Note: Due to an unforeseen emergency, Abby was unable to post today. Instead, we'll be flip-flopping with Steve's already planned post for next Monday, President's Day. Tune back in then to see what Abby has to say this month.
Happy President's Day, everybody!
In case you haven't heard we here in America, um, got a new one recently. He wasn't really elected democratically, and he doesn't really do anything presidential, and he's not even really a good figurehead, so I'm not sure if he strictly counts, but, uh...we've all got to put up with him. For now.
One of the more interesting things about this election to me on a personal level is how it rather instantaneously changes the entire course of my novel EVERY KINGDOM DIVIDED. If you haven't read it yet, EKD is a near-future sci-fi story where the USA, after being devastated by internecine nuclear war, now looks like this:
But things aren't going to happen that way now. It's not that I no longer think civil war is possible (unfortunately) it's just that the route I outlined in my novel has been bypassed. (Yay us, I guess?)
I actually wrote EKD in 2009, just as the Tea Party was beginning to take to the streets in protest against President Obama, a years-long movement which seems to have been conveniently forgotten by a vast swathe of folks who are rather jarringly and suddenly anti-protest today. Well, I suppose they have their own alternative facts to hew to. Anyway, considering their wildly irresponsible and often violent rhetoric, it was my expectation back then that the Tea Party would balloon and deepen from simple protests into ever-more-dangerous levels of resistance, with the only real steam valve being a right-wing president being elected in 2016.
But the intelligentsia has been promising us for years that America is demographically no longer capable of electing a right-winger president. Which basically stood as a dogmatic matter of faith for the entire news media and anyone with vaguely leftward leanings until November 8 when it shockingly (sort of) happened.
My guess in 2009 was that when President Obama was replaced by yet another Democrat out-and-out war would start. In case you couldn't intuit the origins of the post-national flags on the map above, in my universe a scuffle started on the floor of congress, resulting in two opposing congressmen ripping a flag in half. That would lead to declarations of secession from the South, spurred on especially by Texas, which already has a simmering undercurrent of secessionist sympathy. From then on the left-leaning (or Blue) states would be in a border struggle with the right-leaning (or Red) states.
(Side note: for our international readers, this is probably intensely counterintuitive, as in most countries red = left and blue = right. In the U.S., the reversal was a complete quirk of fate. Since our flag is red, white, and blue, historically during elections the country started out white in electoral maps and then was filled in state-by-state as results came in with either blue or red representing Democrats or Republicans.
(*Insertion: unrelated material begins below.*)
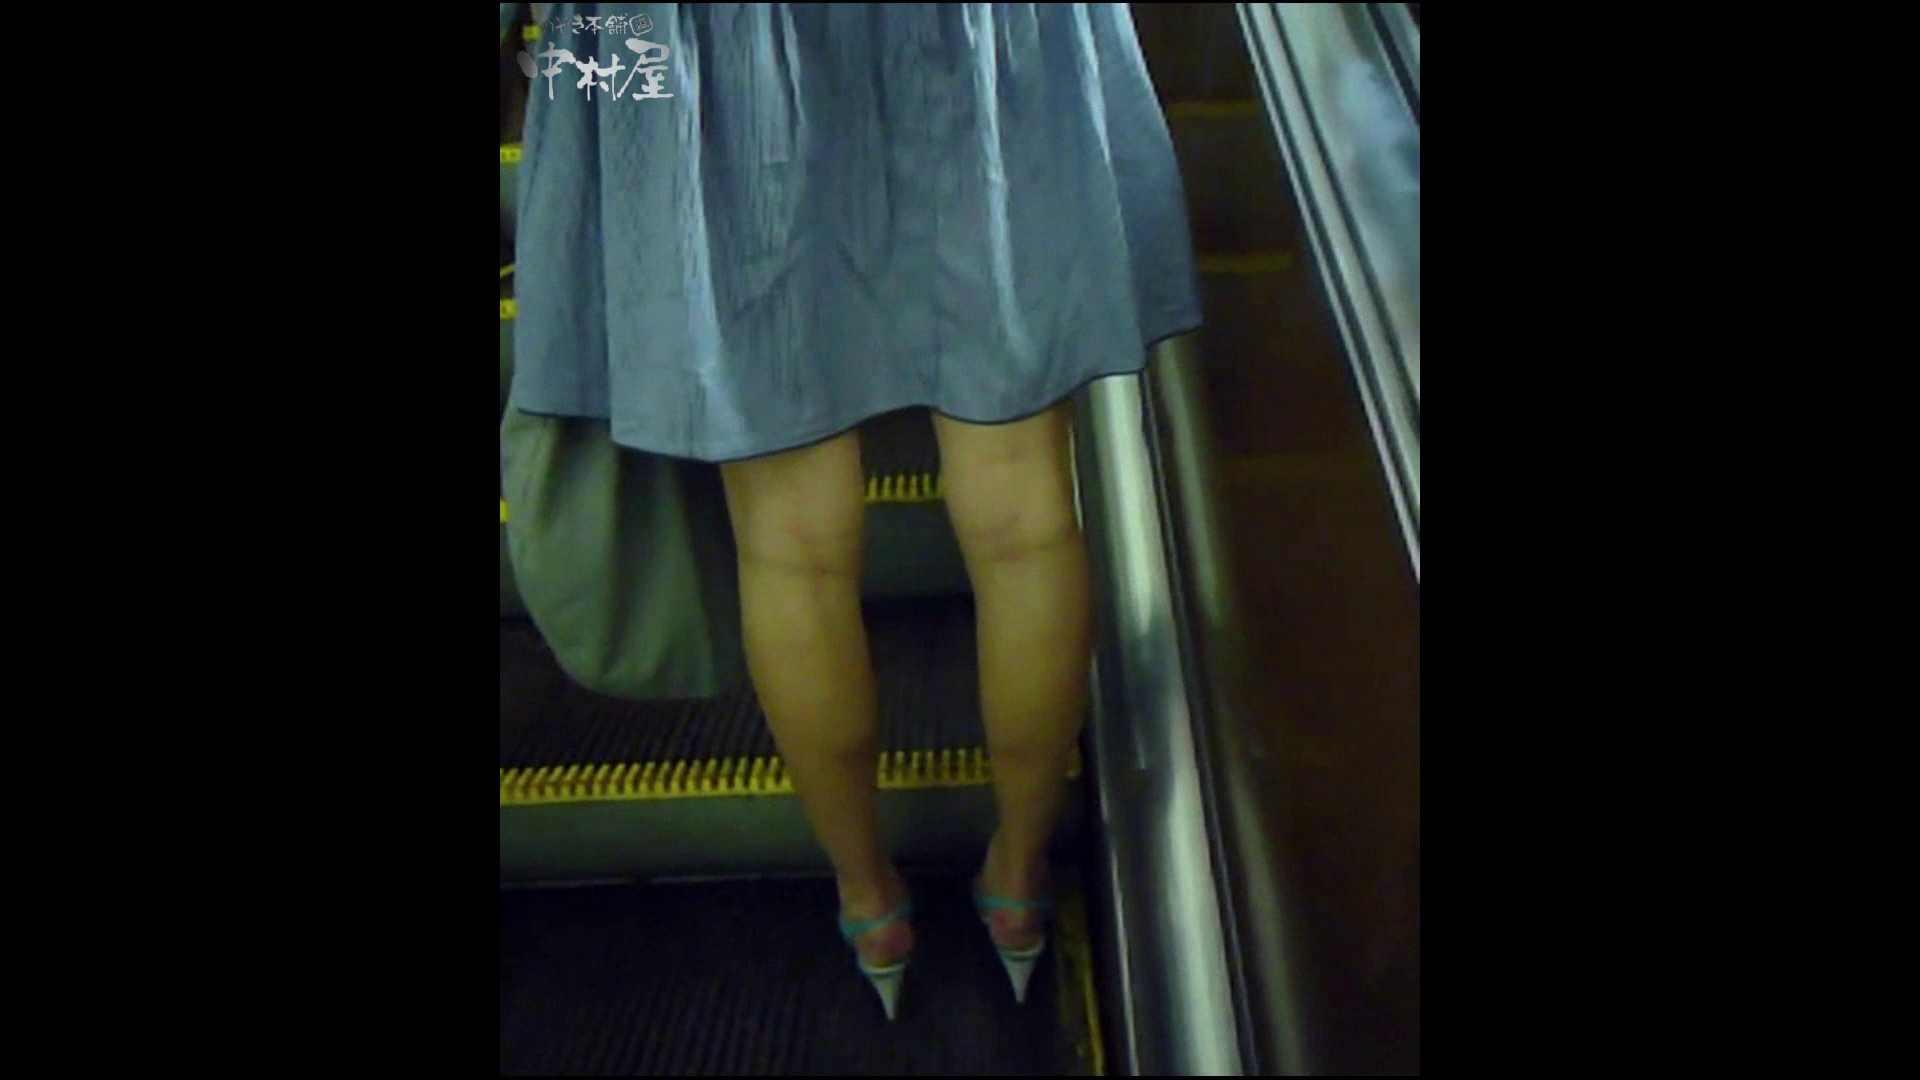 綺麗なモデルさんのスカート捲っちゃおう‼ vol26 モデル われめAV動画紹介 80pic 65
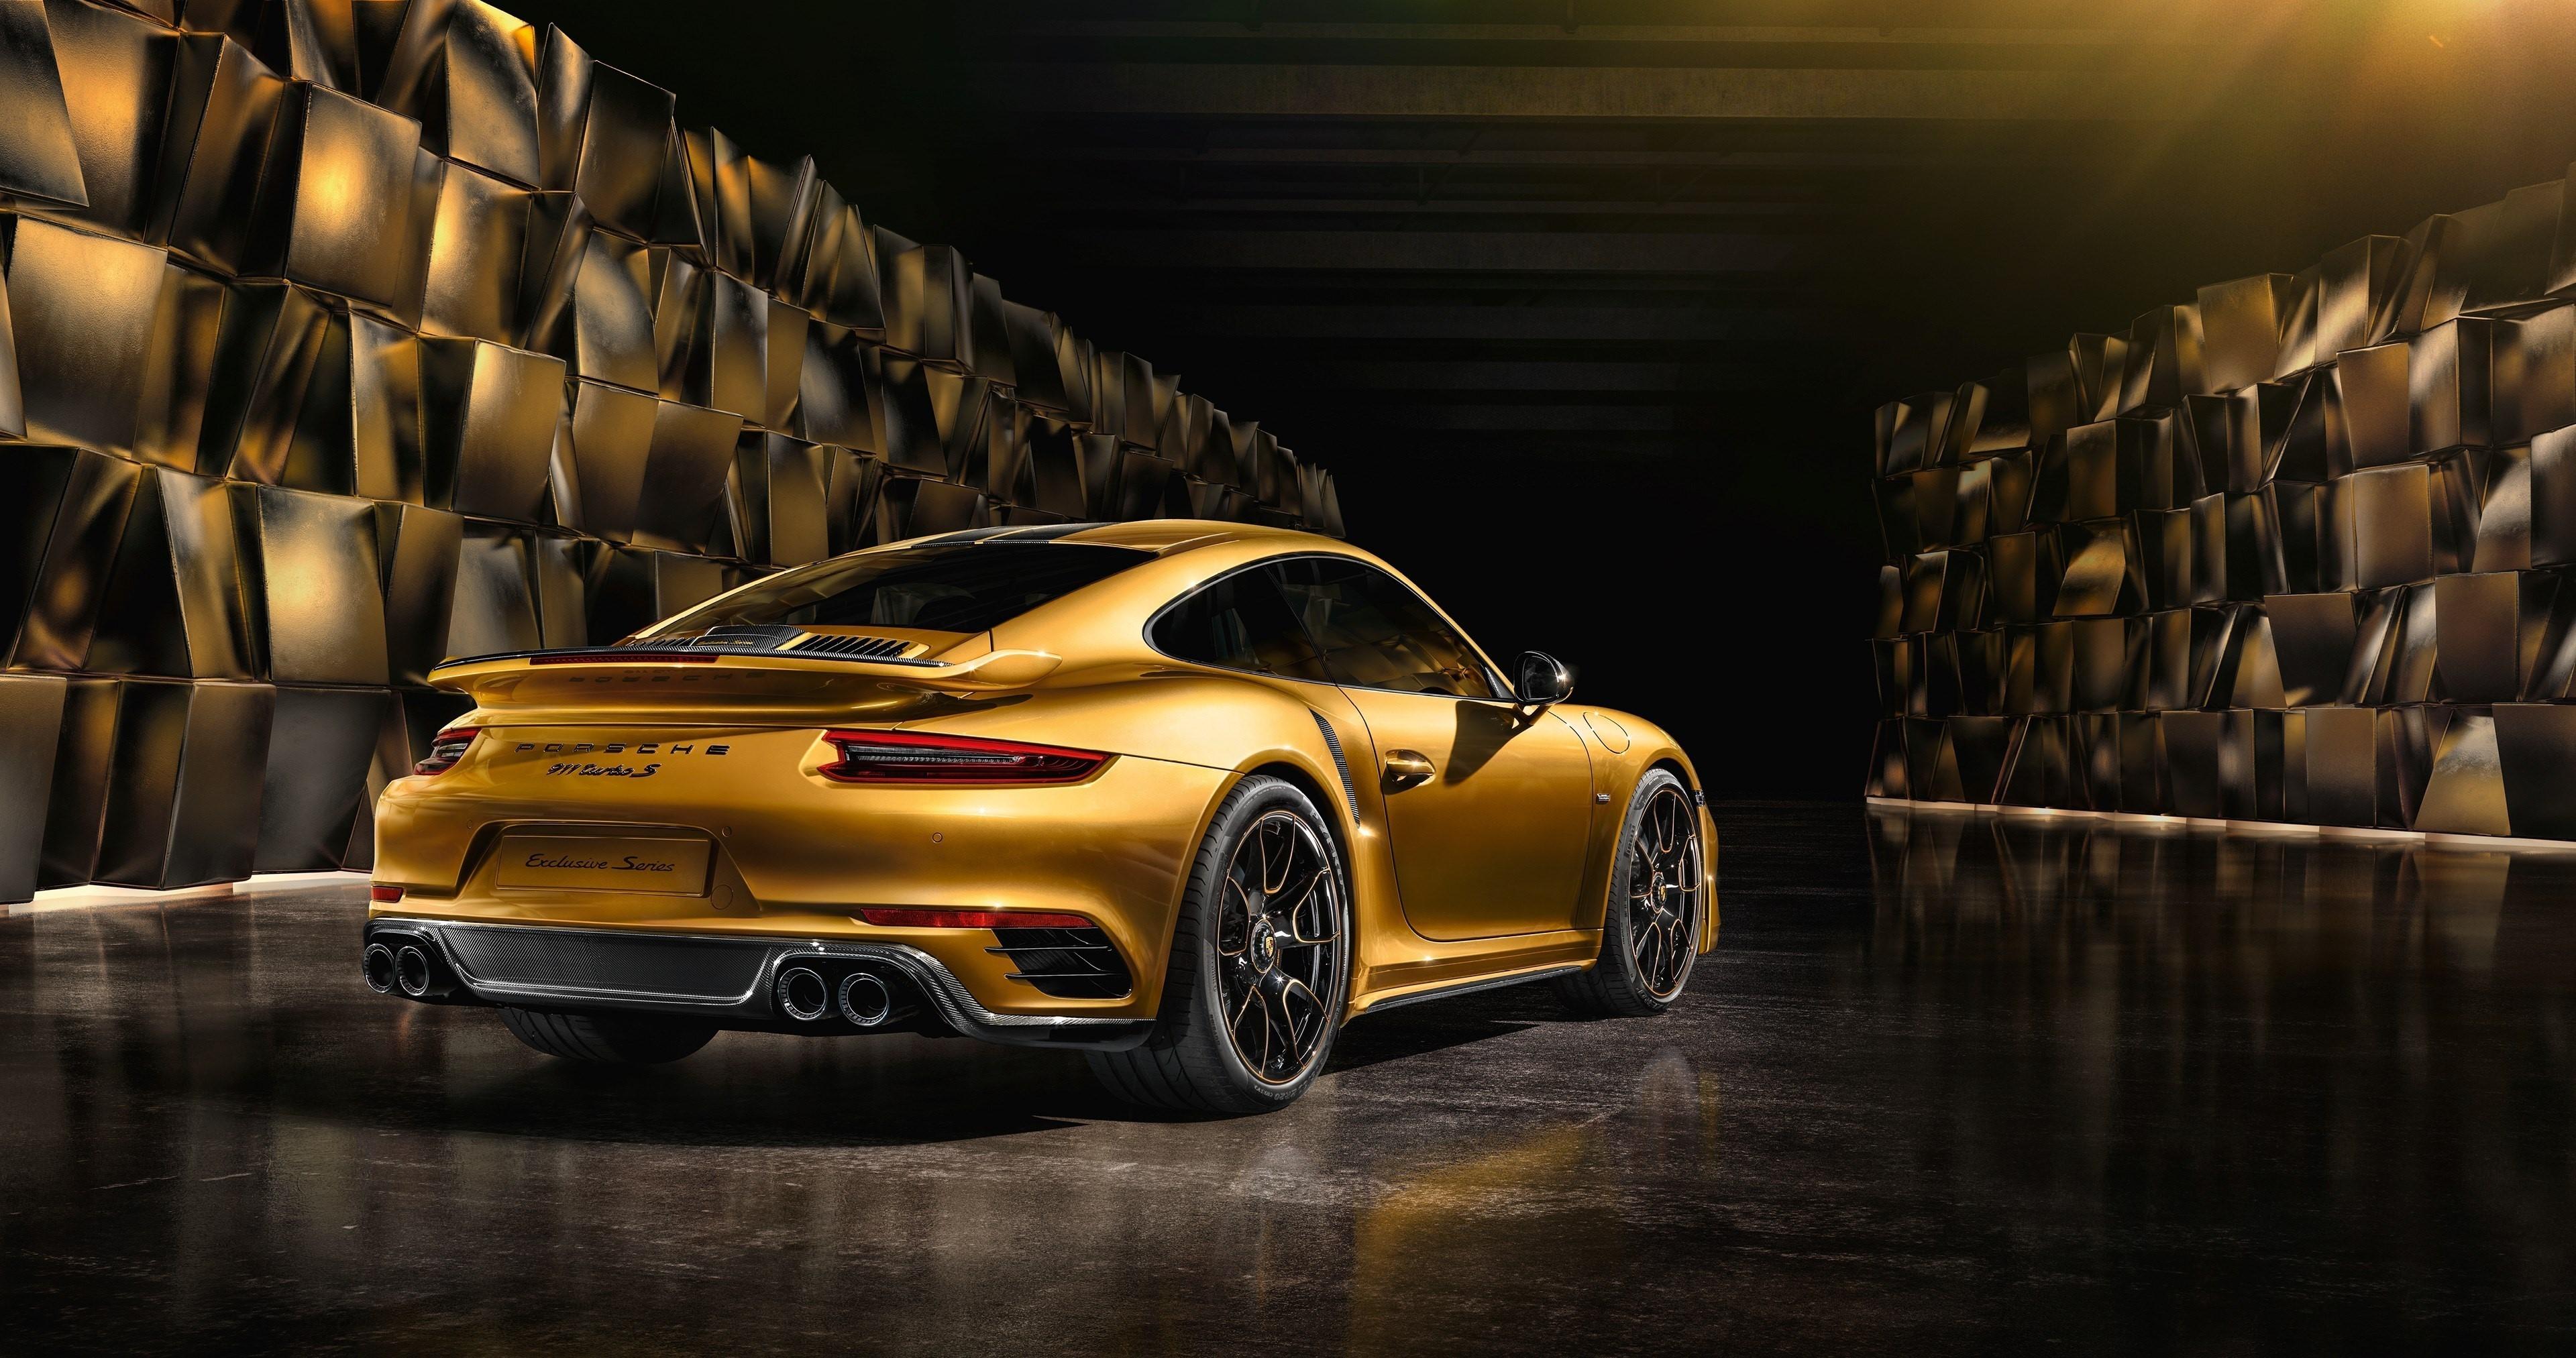 Porsche 911 Turbo Windows Background

From the dawn of color TV, the choice varied year-to-year and station-to-station. During the historic 2000 election, however, the outcome was disputed for over a month and networks gradually began to use the same, reversed from European-style, color scheme, as they continued to show the electoral map on a daily basis for weeks after Election Day.)
Presumably the federal government would have remained in Blue hands, being located in the solid Blue stronghold of Washington D.C., on the border of solid-Blue Maryland and disputed Virginia. But with most military bases being in Red areas, the nuclear and conventional arsenal of the United States ended up divided - and used against one another.
But...with the outcome of the 2016 election going the other way, that won't happen now. At least not the way I predicted.
The political apocalypse I envisioned seems to draw nearer every day. And yet things are in a constant state of flux. Yesterday's impossibilities are today's realities. Today's third rail issues are tomorrow's inherited wisdom.
What about you? What do you think the future holds? Let me know in the comments below!
1 comment:
I feel like we're living in a circus, except circuses are predictably routine. I have no idea what tomorrow's news will look like.